Geçenlerde Taş Medrese’nin yanından geçerken orada panoda duran bir afişe gözüm takıldı. Afişte “Gastronomi şehri Afyonkarahisar 8 bin yıllık lezzet mirası ile sizleri bekliyor” diye bir yazı vardı. Şöyle bir belleğimi yokladım. MÖ 6 bin yılında Afyonkarahisar’da nasıl bir yemek kültürü ve hangi yemekler olabilir diye. Bu yazının bilgisini verenler ya da bu afişi hazırlayanlar nasıl bir araştırma yaparak bu bilgiyi edindiler bilemiyorum. Ama ben bir arkeolog olarak bu konuda size çok özet bilgi sunmak isterim. Antik dönem yiyecekleri bugün yediğimiz yiyeceklere benziyordu, ancak günümüz modern mutfağının önemli parçaları haline gelen pek çok madde içermiyordu. Örneğin, domates, biber, patates, patlıcan, muz, kakao ve turunçgiller 15. yüzyılda Amerika’nın keşfedilmesine değin Anadolu’da ve Avrupa’da yoktu.
İnsanoğlu Paleolitik-Eski Taş Çağı’ndan (MÖ 600 bin-10 bin) Neolitik-Cilalı Taş Çağı-(MÖ 10 bin-6 bin) başlangıcına değin tamamen çetin doğa koşullarında avcı-toplayıcı olarak yaşamlarını sürdürmüştür. Günümüzden 12 bin yıl önce yerleşik yaşama geçildiğinde daha önceleri toplanarak tüketilen bitkilerden kavulca buğdayı, siyez buğdayı, kabuğu soyulmuş arpa, bezelye, mercimek, burçak, nohut tarımı yanında domuz, koyun, keçi, tavuk gibi hayvanlar evcilleştirilerek besin olarak kullanılmışlardır. İnsanoğlunun başlangıçtan Neolitik Çağ’a değin beslenmesinin et ağırlıklı, Neolitik’ten itibaren bitkisel ağırlıklı olduğunu görülür.
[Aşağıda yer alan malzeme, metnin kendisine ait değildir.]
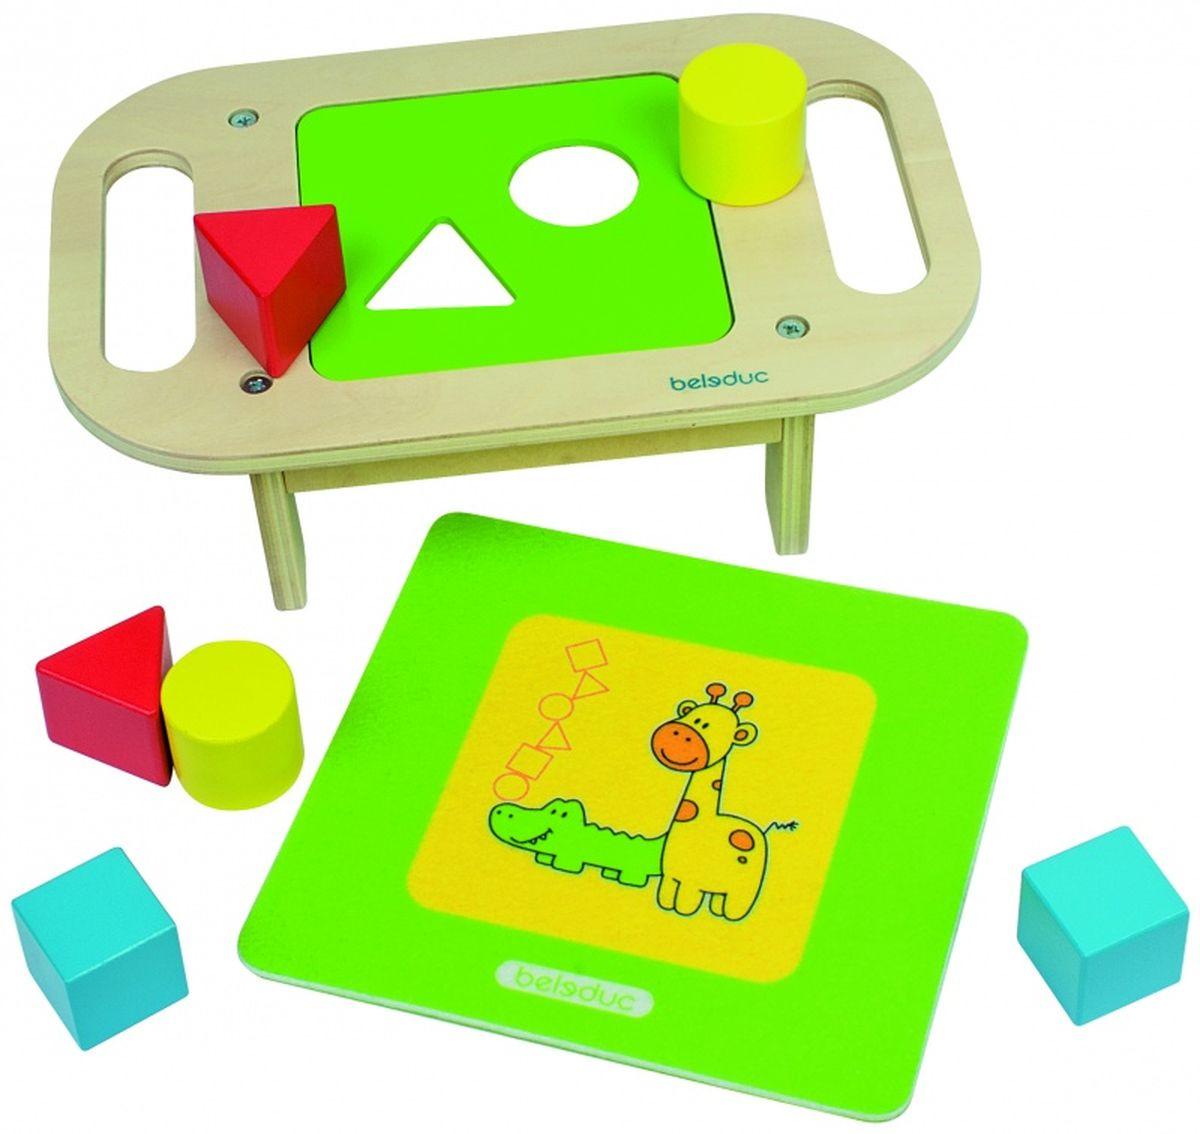 Beleduc Столик-сортер18005Развивающая игра деревянная для малышей. Развиваем ручки! Данная игра поможет ребенку найти для каждой фигурки свое место, а также научит различать основные формы. На выбор предлагается семь различных деревянных панелей с отверстиями в виде геометрических форм. Панели имеют от 1 до 3-х отверстий. Чем больше отверстий на панели, тем сложнее уровень. В игре 3 уровня сложности: легкий, средний и продвинутый. Игра развивает мелкую моторику и зрительно-моторную координацию, а также помогает ребенку изучить формы и цвета.

Kalkolitik Çağ’da (MÖ 5 bin 500-3 bin) ilk kent devletlerinin kurulmasıyla, yapılan saraylarda kral ya da yöneticilere özenli yemeklerin pişirilmeye başlamasıyla beslenmenin önemi görülmeye başlanmıştır. Homeros’un İlyada ve Odysseia destanlarından öğrendiğimize göre; MÖ 2 binli yıllarda yani günümüzden 4 bin yıl önce yemek kültürü genellikle et ve ekmeğe dayalı idi. Sığır, koyun, keçi ve domuz etleri bolca tüketiliyordu. Kurban töreniyle kesilen hayvanların fileto ve içyağları tanrılara sunuluyordu. Sonra sakatatlar yeniyor daha sonra etler uzun demir şişlere iç yağı ile geçirildikten sonra tuz ve un serpilip pişirilerek tüketiliyordu. Kalan yağlar ve etler kazanda pişirilirdi. Bu dönemde pek balık tüketimi balık yoktur. Yoksullar ise bolca eti ancak bayram ve festivallerde yiyebiliyorlardı. Şarap ise zengin ve yoksul sofralarında hep yer almıştır. Bu dönemde tarım ve beslenme ile ilgili tanrıların ortaya çıktığı görülmektedir. Örneğin, toprak tanrıçası Kybele, üzüm, bağcılık ve şarap tanrısı Dionysos, buğday ve tarım tanrıçası Demeter ve insanlara zeytin ağacını armağan eden tanrıça Athena.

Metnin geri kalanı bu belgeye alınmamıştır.